‘The End Of History’
Future of Democracy
The world economic crisis
that began with the Great Recession in developed countries in 2008 has not yet been overcome. Since then hardly anything new has happened. What is new is that the crisis has now reached the so-called emerging-market countries that were at the beginning seen as the hopes or even saviors of the crisis-plagued world economy. The growth rates of their economies have fallen sharply in the past two years. Lately, the currencies of some of these countries have lost value. Against this background, there is also a crisis of democracy emerging, not in this or that country, but in general. It has now become necessary to think about the future of democracy.
In 1992, after the fall of the Berlin Wall and the dissolution of the Soviet Union and the Communist bloc, the American political philosopher Francis Fukuyama announced 'the end of history'. In his book entitled The End of History and the Last Man, he advocated the thesis that the worldwide spread of liberal democracy, western type of market capitalism and western lifestyles indicates that the socio-cultural development of humanity has reached its endpoint. He thought the combination of these three elements—so to speak, a trinity—is the final form of governance. He backed up this argument with the assertion that after the failure of fascism and communism, there is no alternative to this combination.
Despite some criticism of this or that point of his book, Fukuyama's thesis at that time appeared plausible to many people. Some however found the term "end of history" too exaggerated.
Already in 1992 I was sure that the western type of market capitalism could not be the endpoint of the development of the economic order of humanity. For, on the one hand, this type of market capitalism has a growth compulsion, but, on the other hand, there are limits to economic growth. It was also clear to me that the western lifestyle could not be the final one for all humanity, simply because there are limits to economic growth. I was not sure about the future of liberal democracy. I thought, in the future, maybe eco-socialism and a newly conceived democracy could go together.

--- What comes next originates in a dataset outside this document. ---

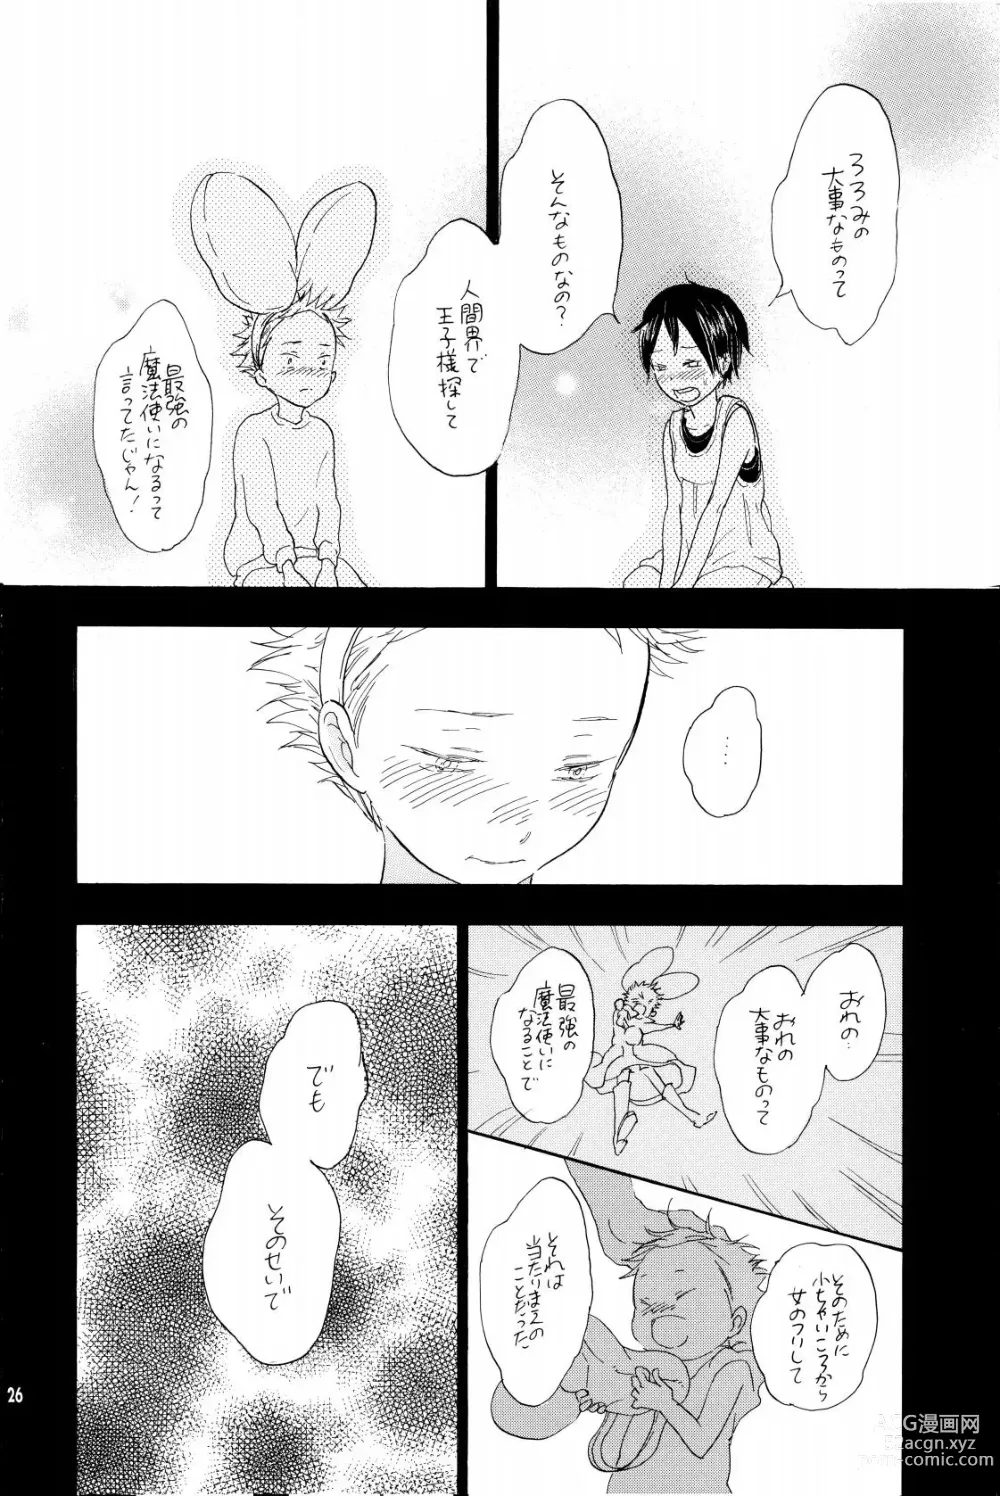 Page 25 of doujinshi your song

On this third point, I have now become quite skeptical. At first, back then, it looked like Fukuyama's thesis would gradually come true. Naked dictatorships were gradually replaced both in Africa and in Latin America with some kind of democracy. Long-standing, despotically ruling presidents had to have their legitimacy confirmed through more or less fair elections. In Asia, the military dictatorship in Myanmar recently gave way and initiated a process of democratization. Also the fundamental rights of citizens have been—at least in theory, i.e. on paper—more or less recognized. Left existing are only the dictatorships of the kings and emirs of the Gulf States, the autocracy of the Kim family in North Korea and the power monopoly of the Communist Party in China, Vietnam and Cuba. But several recent events in the world give me reason to have doubts about the future of liberal democracy.

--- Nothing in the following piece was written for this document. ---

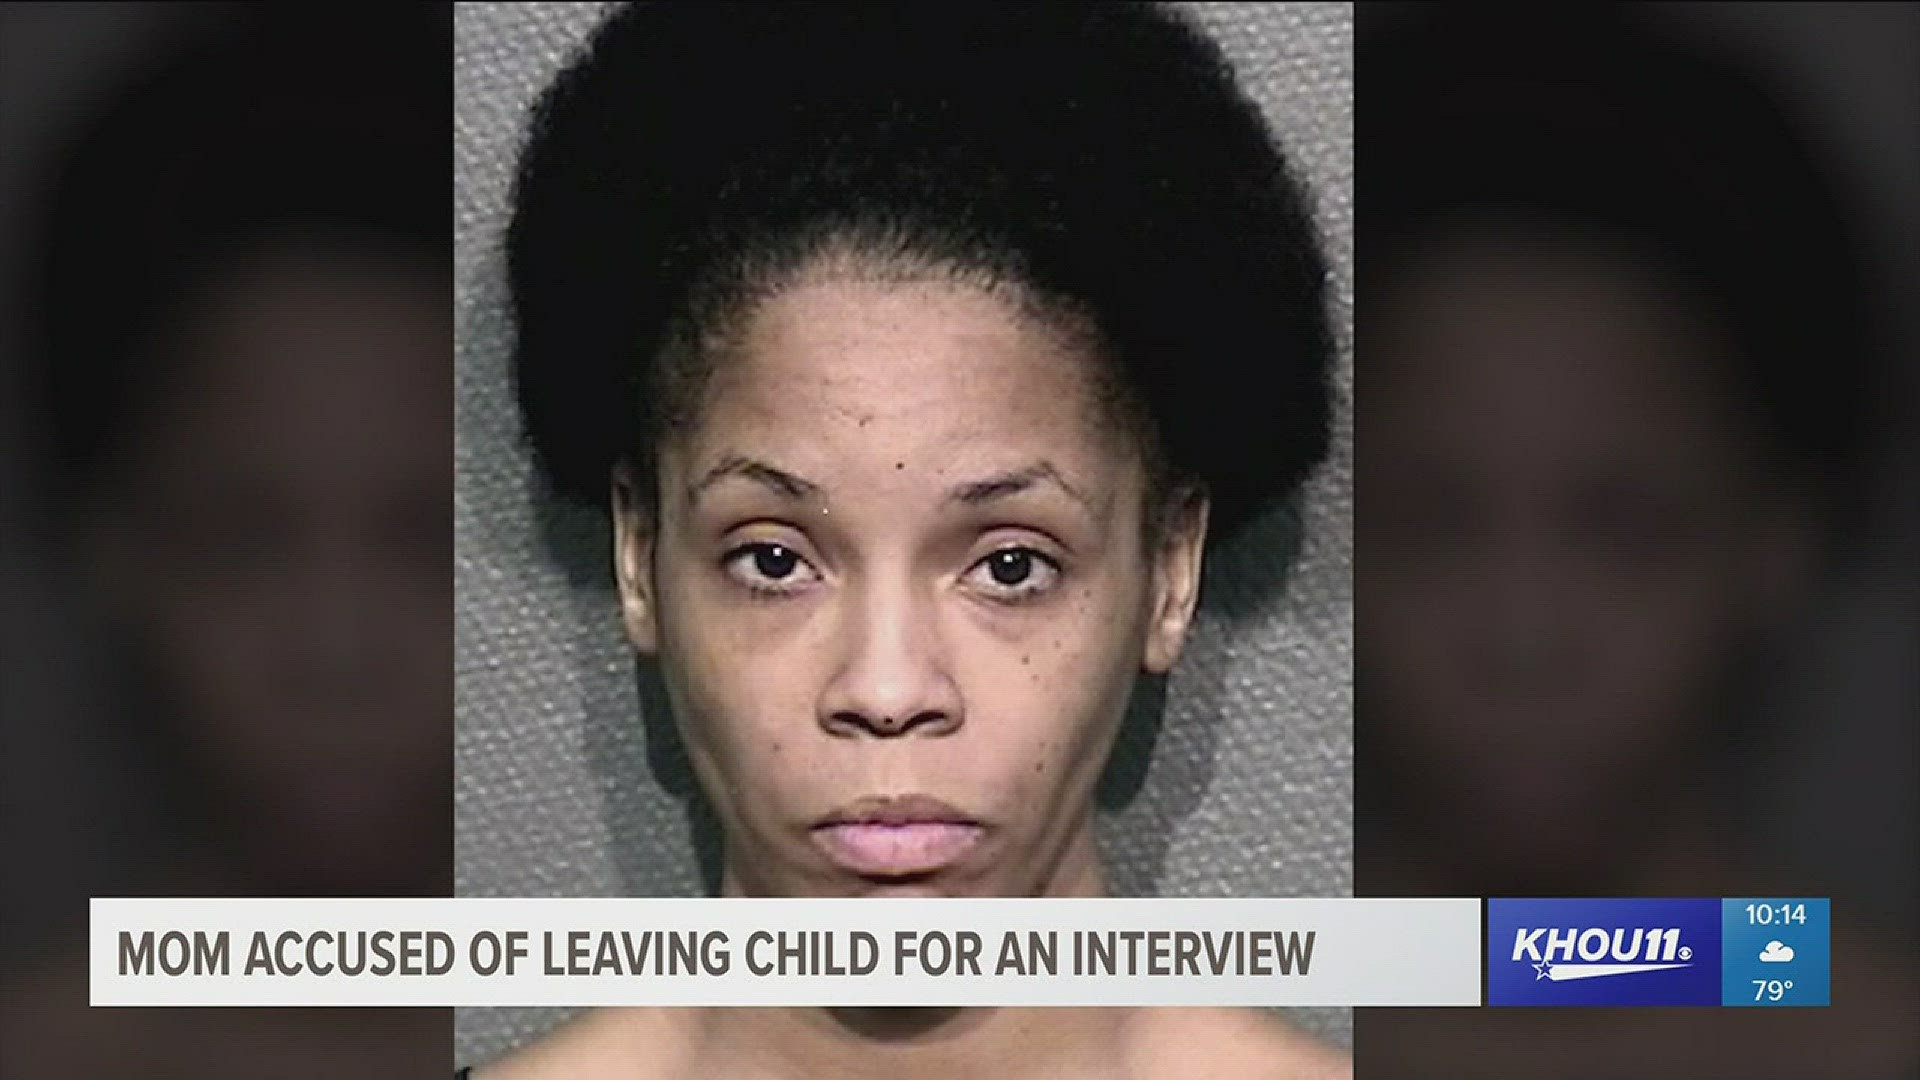 A mother is facing new charges after police say she left her child in a hot car while she was at a job interview.

I accept Abraham Lincoln's definition of democracy as the starting point of my reflections. He had said that democracy is governance of the people by the people and for the people. Till now, this definition has been concretized only by representative democracy (with the partial exception of Switzerland)—with the existence of several competing political parties, which participate in periodic elections. The people are represented by the deputies, the majority of whom form the government. In the presidential system the people elect the reigning president. In principle, the minority accepts the decisions of the majority, as long as they do not violate the constitution or any laws. Or the minority swallows them against their will. If the aversion is too strong, the minority may protest and demonstrate. Ultimately, however, they must bow to the will of the majority.

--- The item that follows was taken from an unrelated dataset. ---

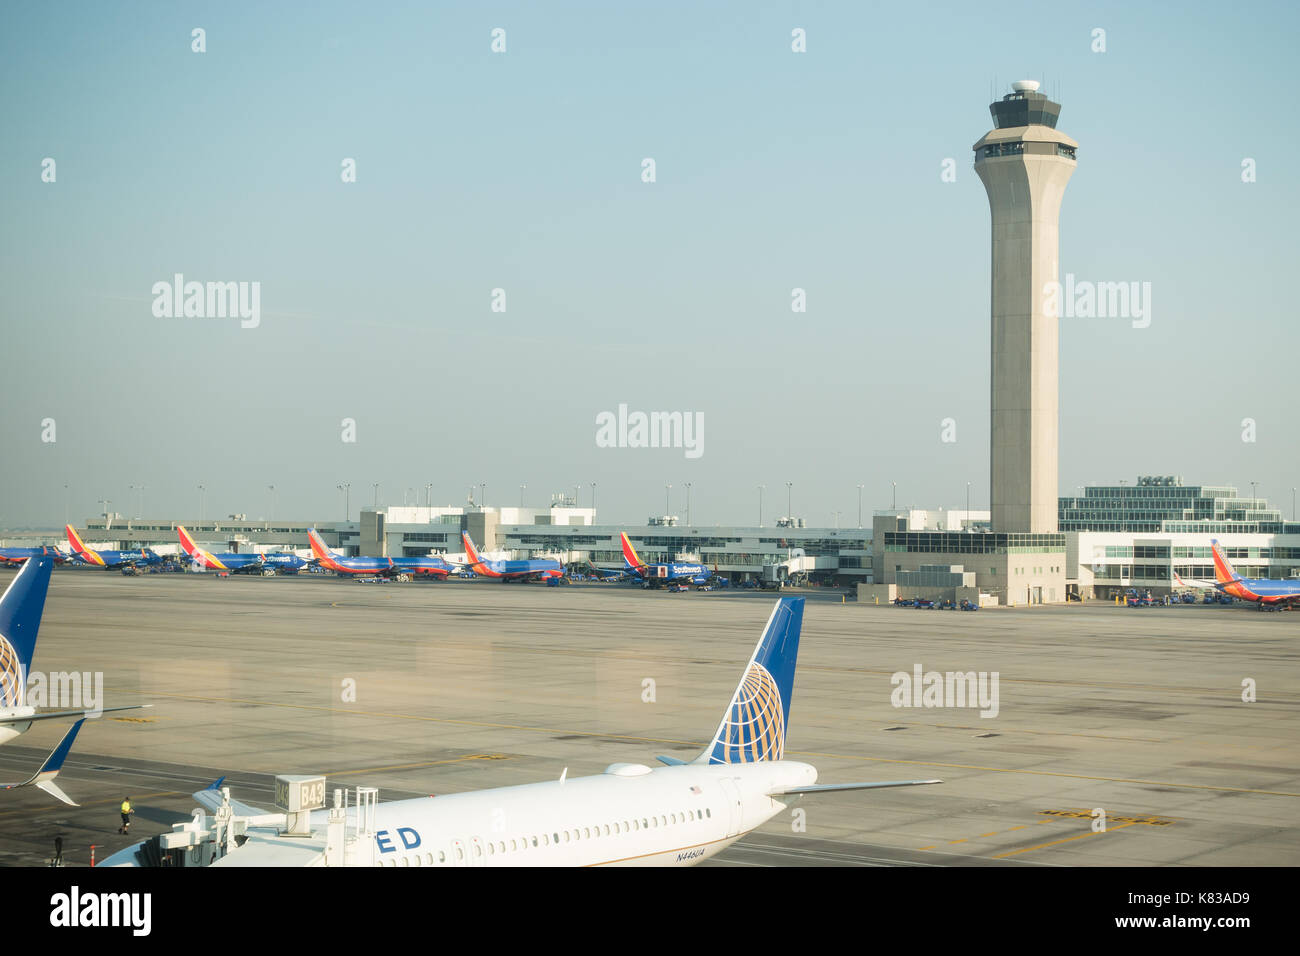 Look on the United Airlines terminal / hub at the Denver International Airport, Colorado Stock Photo

But in the meantime, in many places, democracy is not working smoothly according to these noble principles. Think of Egypt, where an elected president was ousted and arrested by the military, with the support of a few hundred thousand protesting demonstrators. In Greece, Prime Minister Giorgos Papandreou wanted to hold a referendum in order to ask the people whether he should accept the terms of an aid package offered by the leaders of the Eurozone. He was then summoned to Brussels and reprimanded by Merkel and Sarkozy, whereupon he dropped the referendum idea. In the Ukraine, the opposition parties and thousands of their supporters are trying to force the elected government and the elected president to step down before their term is over. In Thailand, the minority of the population—the rich and the upper middle class citizens of Bangkok and the tourist centers of the South—are trying to overthrow the elected government and replace it with one made up of experts nominated by the king or the military. They are not even trying, unlike in the Ukraine, to force early elections, because they are sure they would lose. All these malcontents believe that they only need to assemble one hundred thousand demonstrators at the central square of the capital, camp and demonstrate there for two or three months, and get themselves filmed by the international TV stations. Then the elected government or the elected President will resign. Or they simply march, rifles in hand, into the capital and overthrow the incumbent president, as it recently happened in the Central African Republic. Or, as it is currently happening in Turkey, a battered government abolishes the right to demonstrate, arrests critical journalists, or controls the Internet media. The disgruntled governments of foreign countries instigate the opponents of the battered government, as it is currently happening in the Democratic Republic of Congo and in the Ukraine. Only in Tunisia the elected government has given in. Elsewhere, chaos reigns, with occasional murders and manslaughters, as in Egypt. In Kenya, the people have elected a president who is accused by the International Court of Justice of instigating mass murder.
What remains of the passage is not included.